◆ **Problem to work on**:
Exclude the pictures, then repeat the remaining data exactly.

◆ **Data shown**:
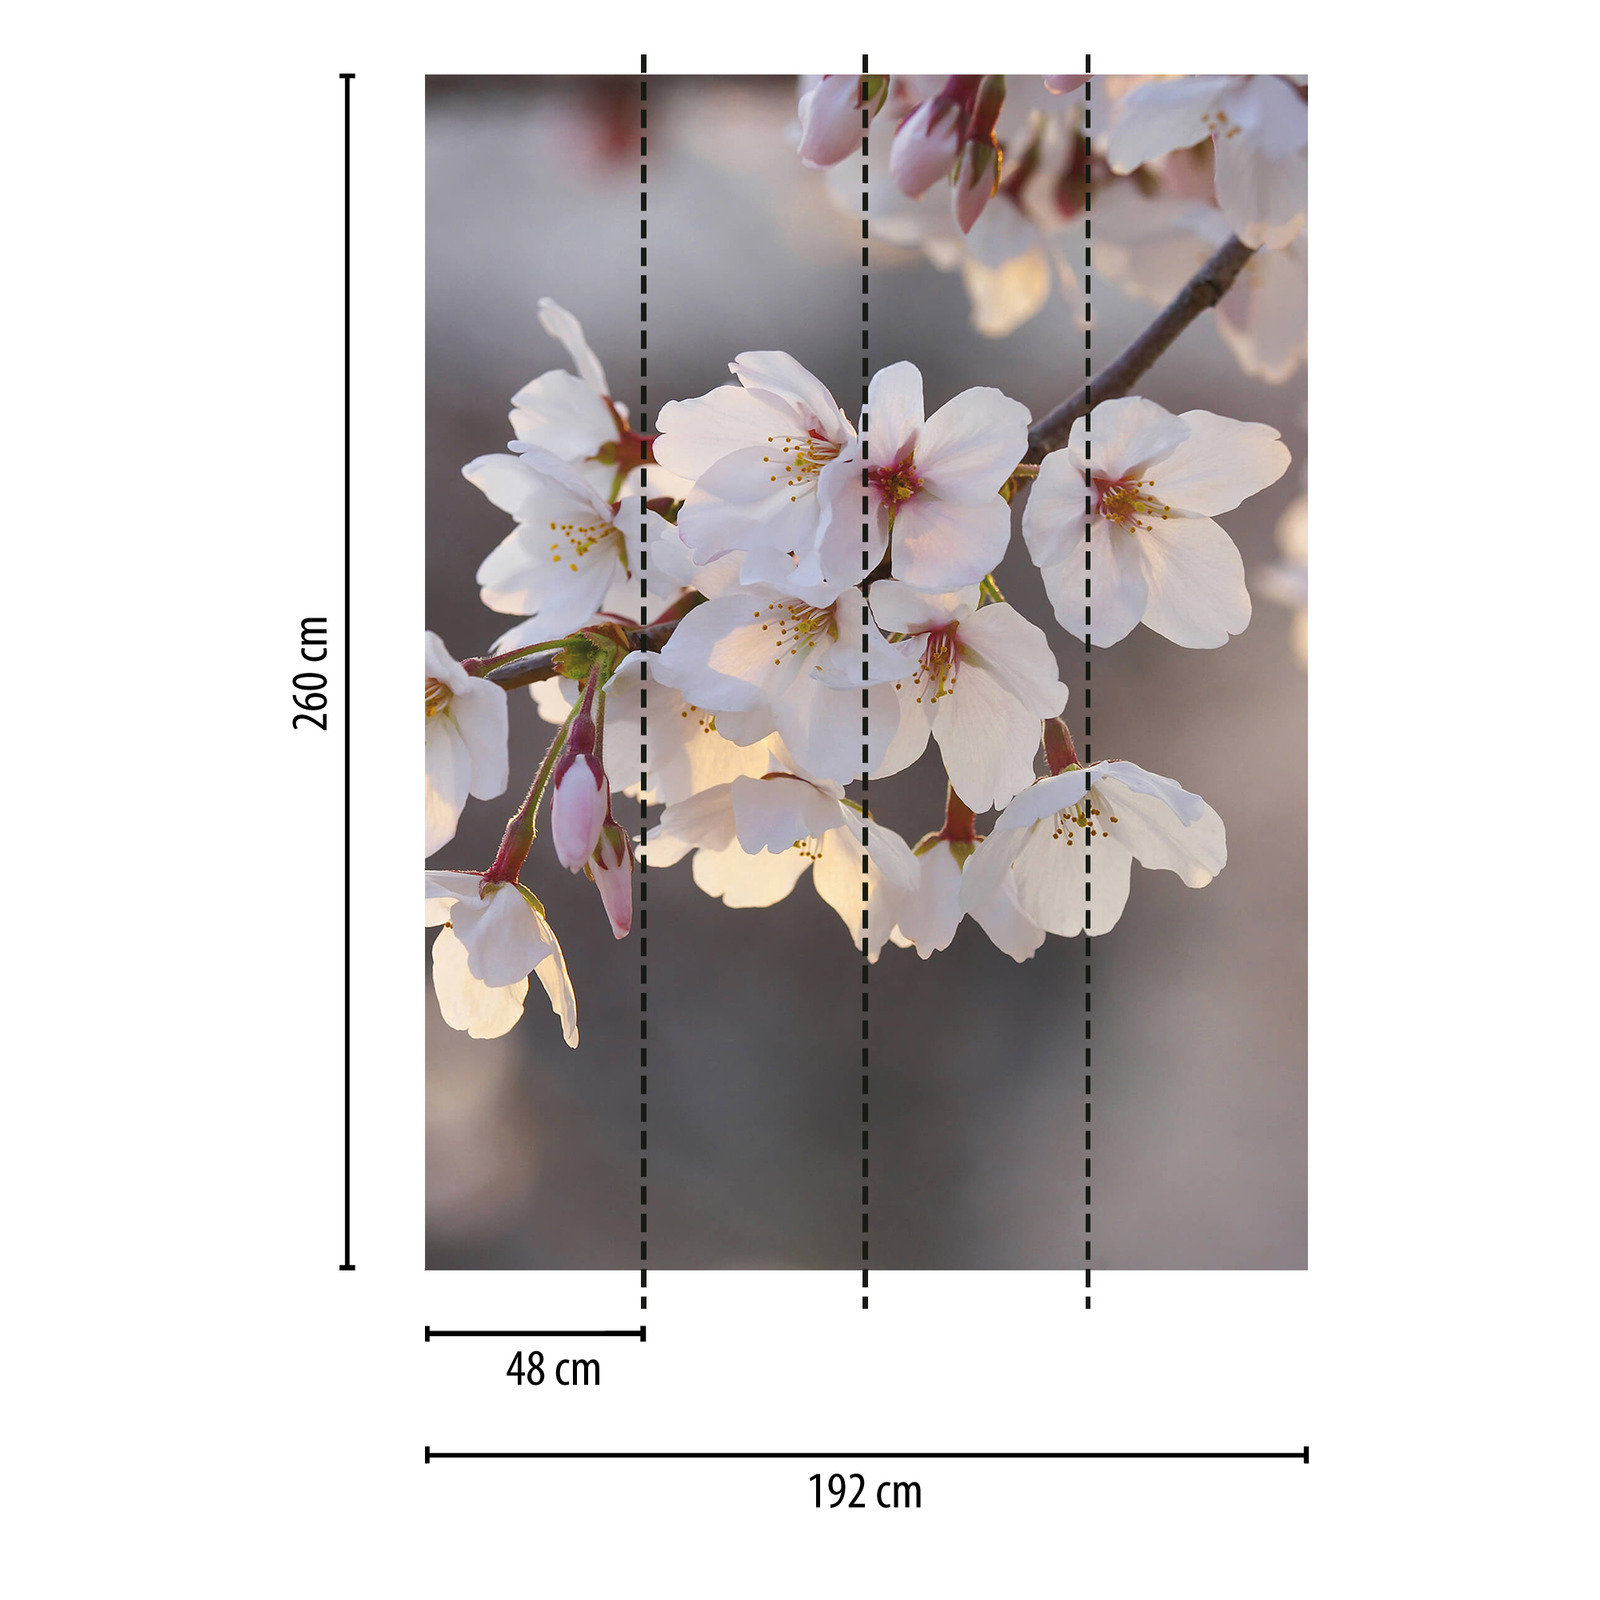             Narrow Cherry Blossom Behang - Roze, Wit
        
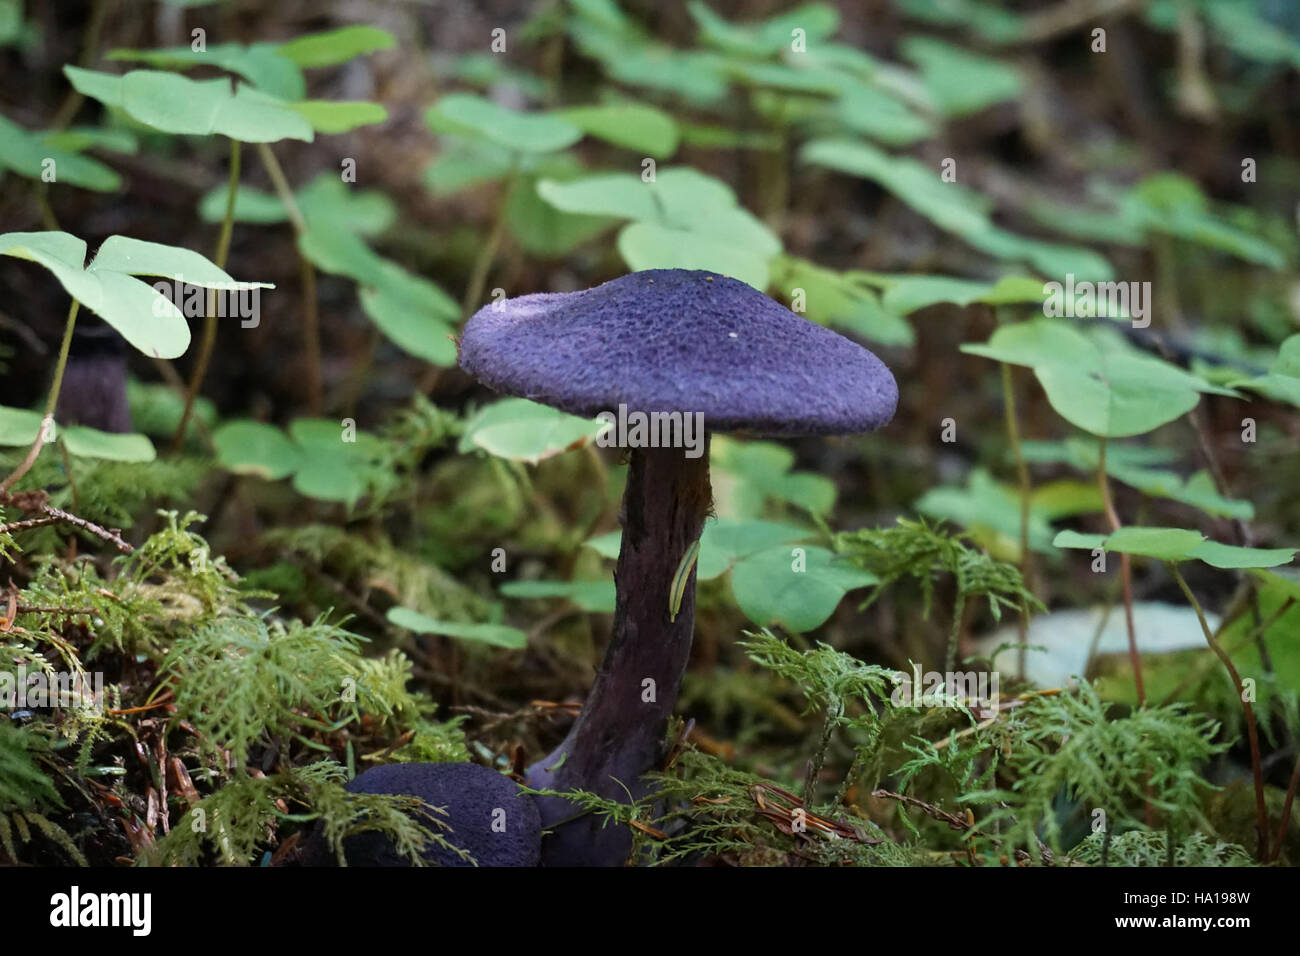 olympicnps 23060701352 violet cort mushrooms cortinarius violaceus purple fungus d archuleta 2015 Stock Photo
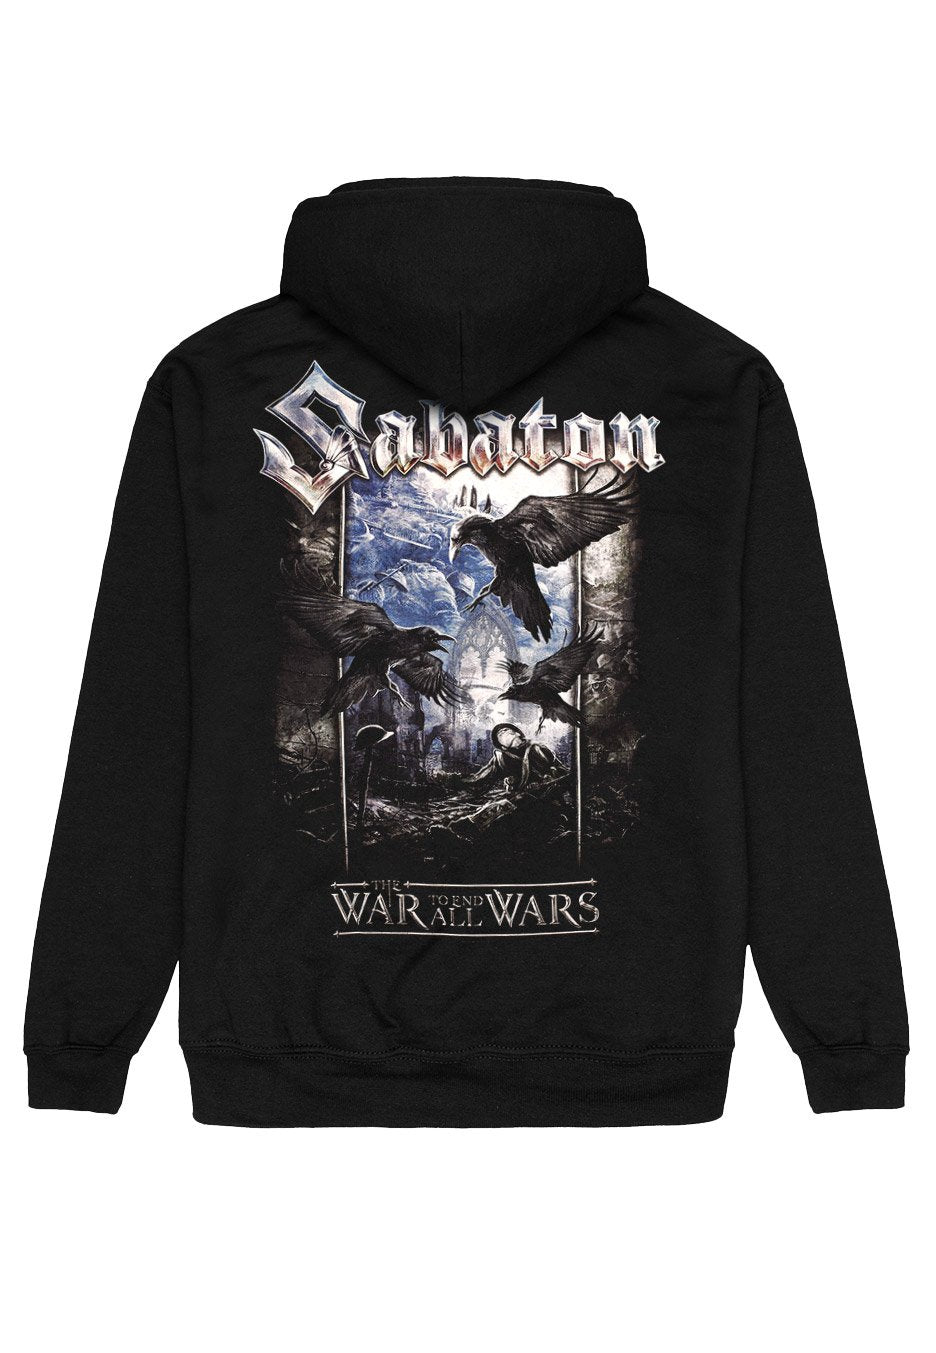 Sabaton - The War To End All Wars - Zipper

◆ **Response to this task**:
             Narrow Cherry Blossom Behang - Roze, Wit
        
 olympicnps 23060701352 violet cort mushrooms cortinarius violaceus purple fungus d archuleta 2015 Stock Photo
 Sabaton - The War To End All Wars - Zipper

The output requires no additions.